It was Catch-22 for Federer fans today, brother - I think Rafa will overtake him, but Djoker will fall short...


----------



## Open Book (Aug 14, 2018)

Kieran said:


> The women don't believe in equal pay at all. You know how I know? I looked up how much the WTA pay its players for tournaments that are similar sized to the ones the men play, and the men's tour always pays more. Only when there are joint events do the women get equal pay, because loudly shaming the blokes caught on.
> 
> But if you look at places like Auckland, for example, the women played there from 6-12 January, and the men played from 13-18 January, both events are of equal size, (an International WTA event being the same size as a Men's 250 tournament), but the prize money differed: the total financial commitment from the WTA was $251,750, and the ATP financial commitment was $610,010.
> 
> ...


You're right about women's pay not being equal to men's across all tournaments. It is a function of what they earn in revenue, I'm sure. Still a heck of a lot closer to the men's pay than that of their professional basketball counterparts. WNBA is financed by the men's game and probably never will be a big moneymaker on its own in the U.S. But the tickets are less expensive and they have their fans.

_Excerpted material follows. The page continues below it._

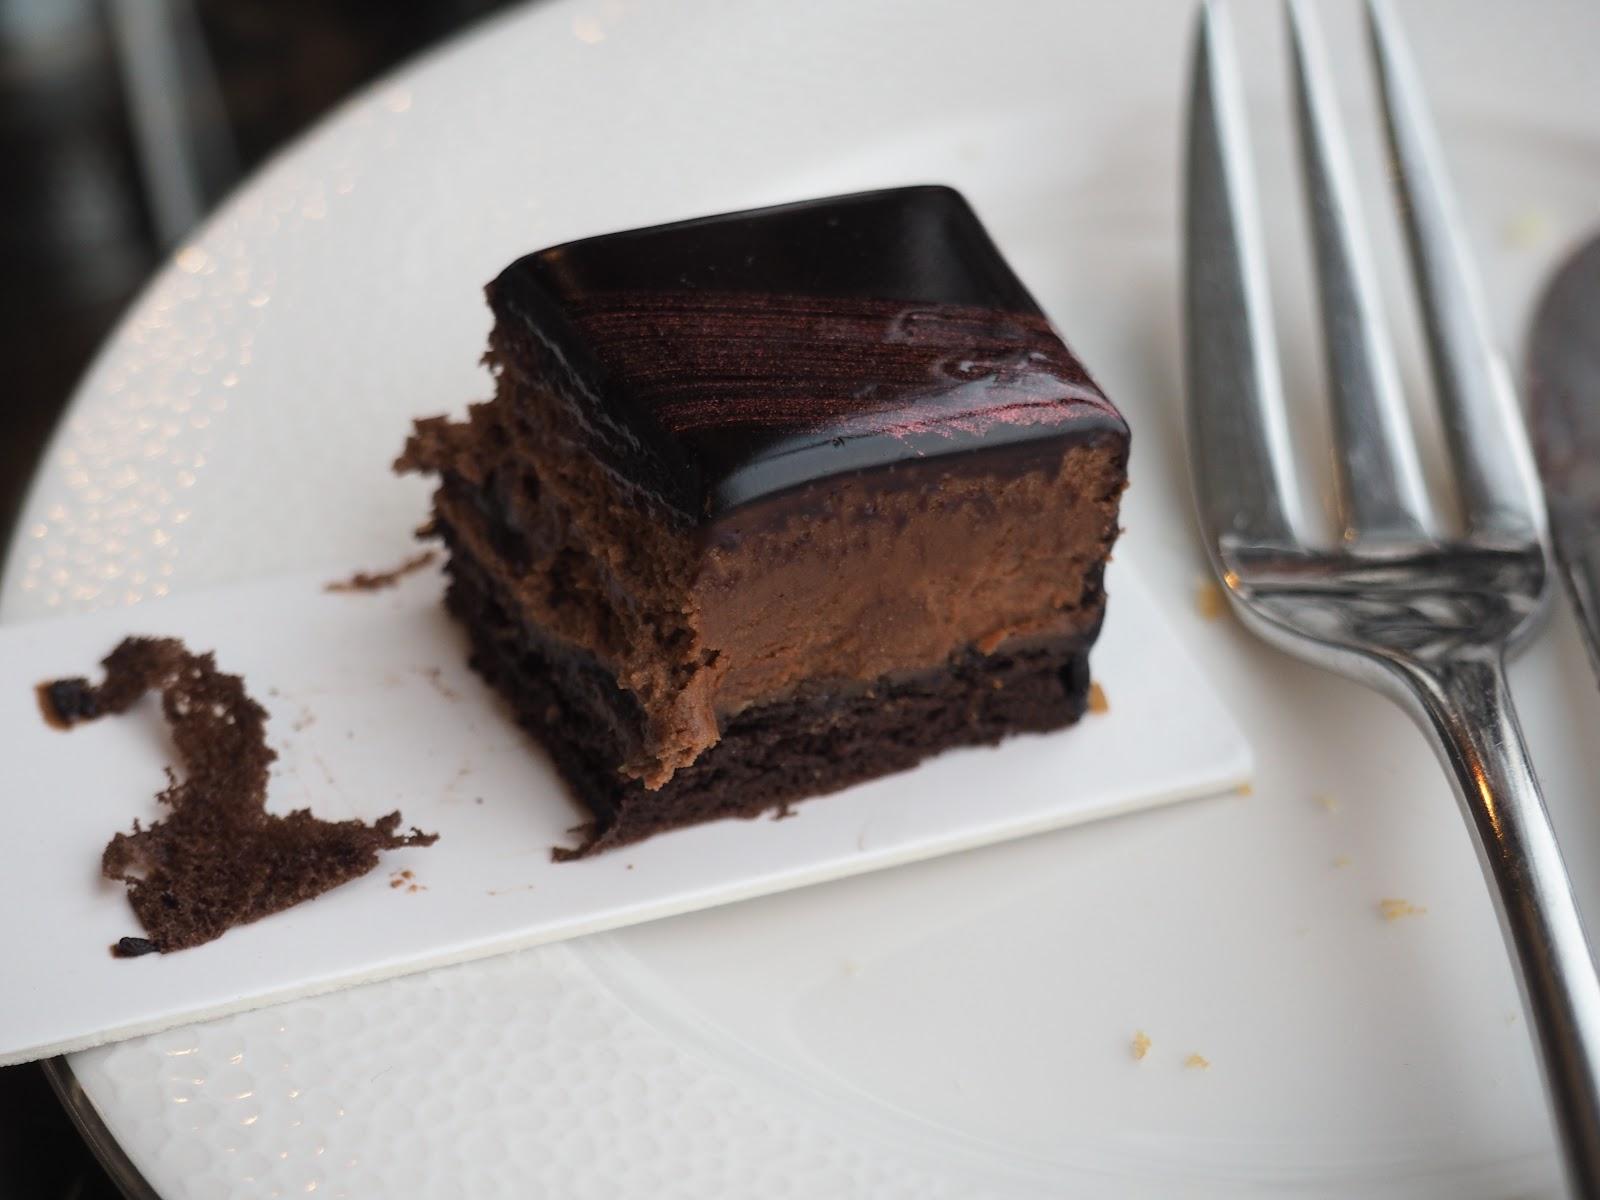 chocolate cake from Afternoon Tea at GONG Bar at the Shangri La at The Shard

Rafa is psychologically the strongest player I have ever seen. It's almost impossible to get him discouraged. He just keeps coming. He is the King of Clay and played exceptionally well today, made very few errors. I think that level of play rattled Djokovic. He wasn't bad except mentally and made some bad decisions. He was unable to fire himself up and the small crowd was initially too stunned to make much encouraging noise. The last set was an improvement, I would have liked to have seen more tennis if it was going to be more like that set. I don't enjoy slaughters. Both did some astonishing things, though.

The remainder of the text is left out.